An old standby such as Pam Shriver could win this year, although tennis writers are getting tired of writing that, and two Czechs will challenge Navratilova, as they always do, they being Hana Mandlikova and Helena Sukova. In Saturday’s Wimbledon rehearsal tournament at Eastbourne, Navratilova dropped the first set to Sukova before taking the match. Sukova has come a long way since being a ball girl for Martina a decade ago in Prague.
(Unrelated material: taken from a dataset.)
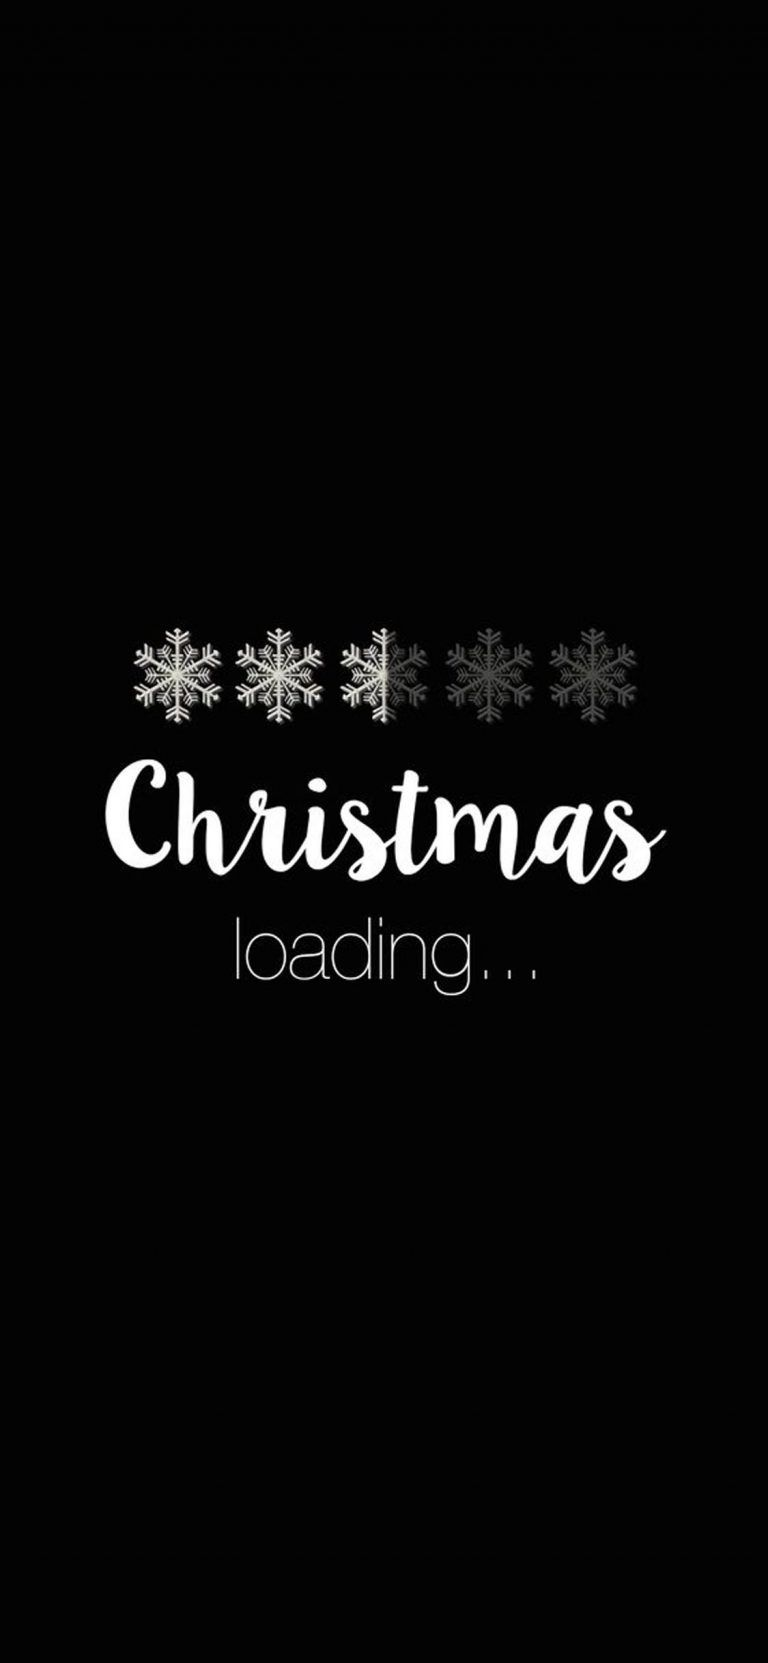 Iphone X Beautiful Wallpaper 1125 2436 Christmas Background Cute And Vintage Backgr Wallpaper Iphone Christmas Christmas Background Cute Christmas Wallpaper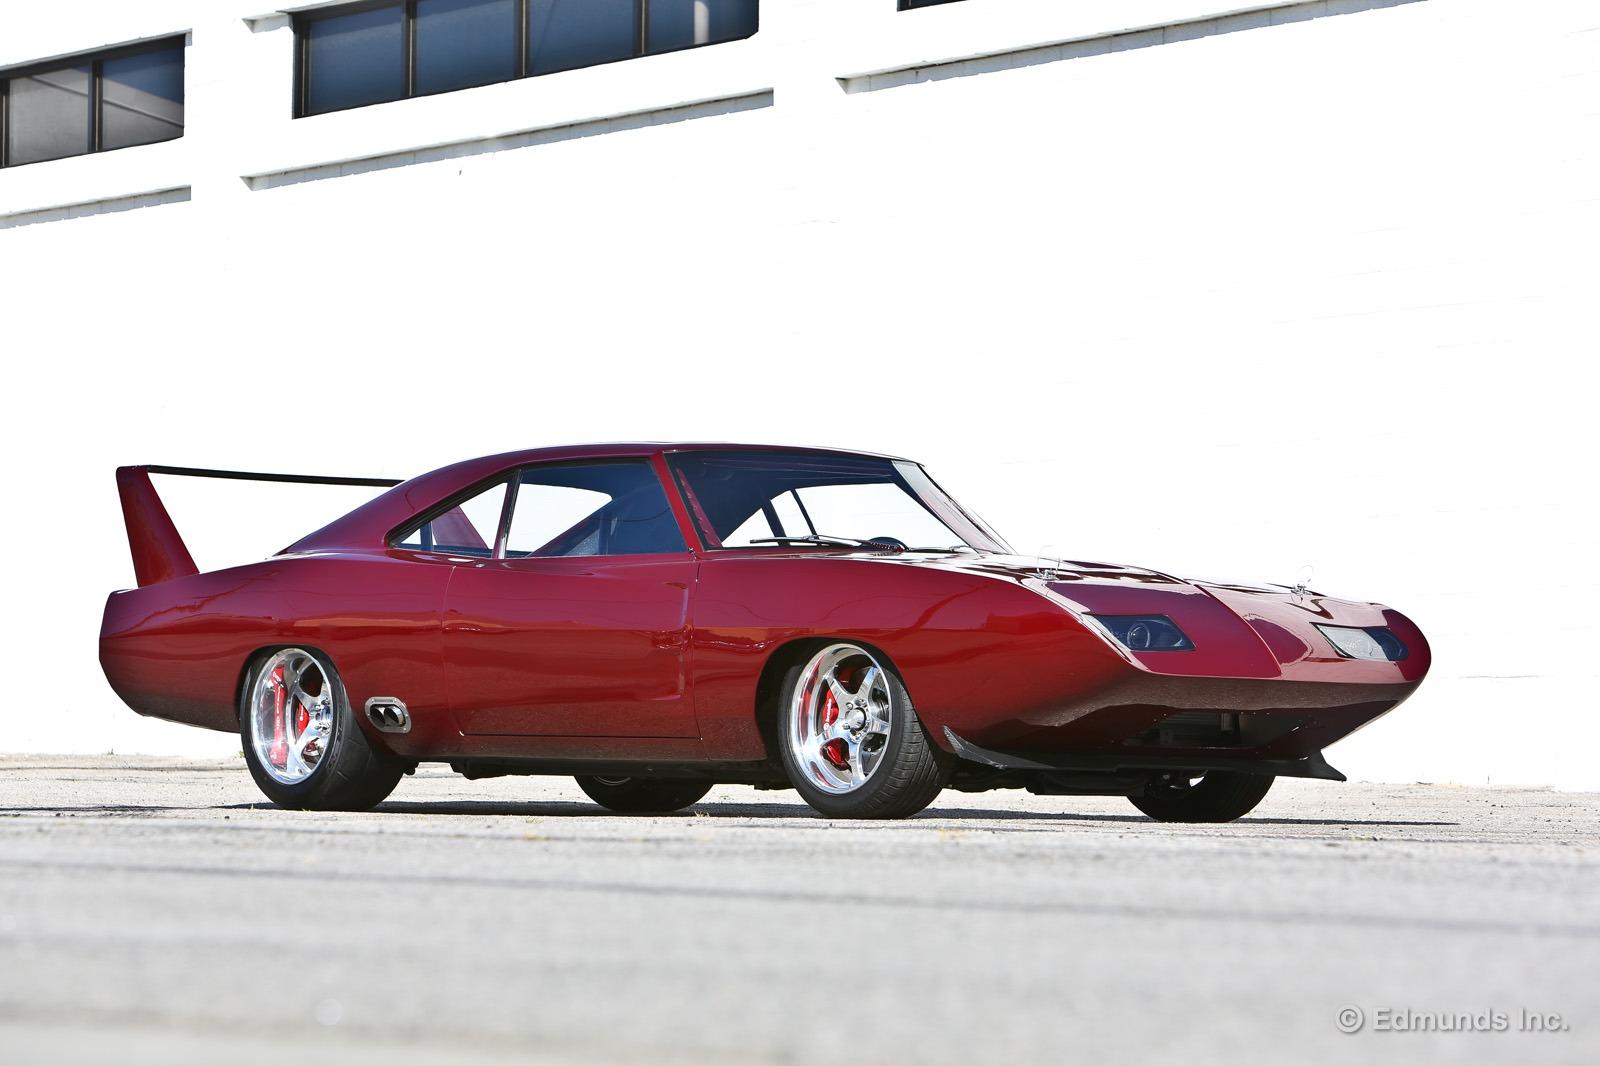 Dodge_1969 daytona_fast_furious_6__fast_furious_6_34_fe_315132_1600

I cannot see Navratilova falling before the final here, although Kohde-Kilsch is in her bracket and could give her trouble. Lloyd has Shriver and both of the Czechs in her division, and would be a considerably safer bet to beat all of these people and Martina if the regents of the All England Club would be kind enough to dig up all the wet grass and replace it with clay.

Wimbledon Notes

The strictly legit Mecca bookmaking service here has made Martina Navratilova a prohibitive 1-3 favorite to win, with Chris Evert Lloyd 7-2 and Hana Mandlikova 12-1. The men: Ivan Lendl 13-8, Boris Becker 5-1, Mats Wilander 11-1, Jimmy Connors and Stefan Edberg 12-1, Anders Jarryd 14-1, Henri Leconte 16-1 and Joakim Nystrom 20-1. . . . Hungary’s Andrea Temesvari took a spill at last week’s Eastbourne tournament, landed on her wrist “and is now in plaster,” a Wimbledon spokesperson said, in announcing her withdrawal. Rebecca Bryant of Australia will take her place. . . . Virginia Wade in a London paper: “Over the past few years, I’ve been disappointed by the attitude of many players. They don’t smile much on court or appear to enjoy themselves, and John McEnroe must take some of the blame. The way players at the top behave is infectious. Others copied him and it became accepted to be neurotic.”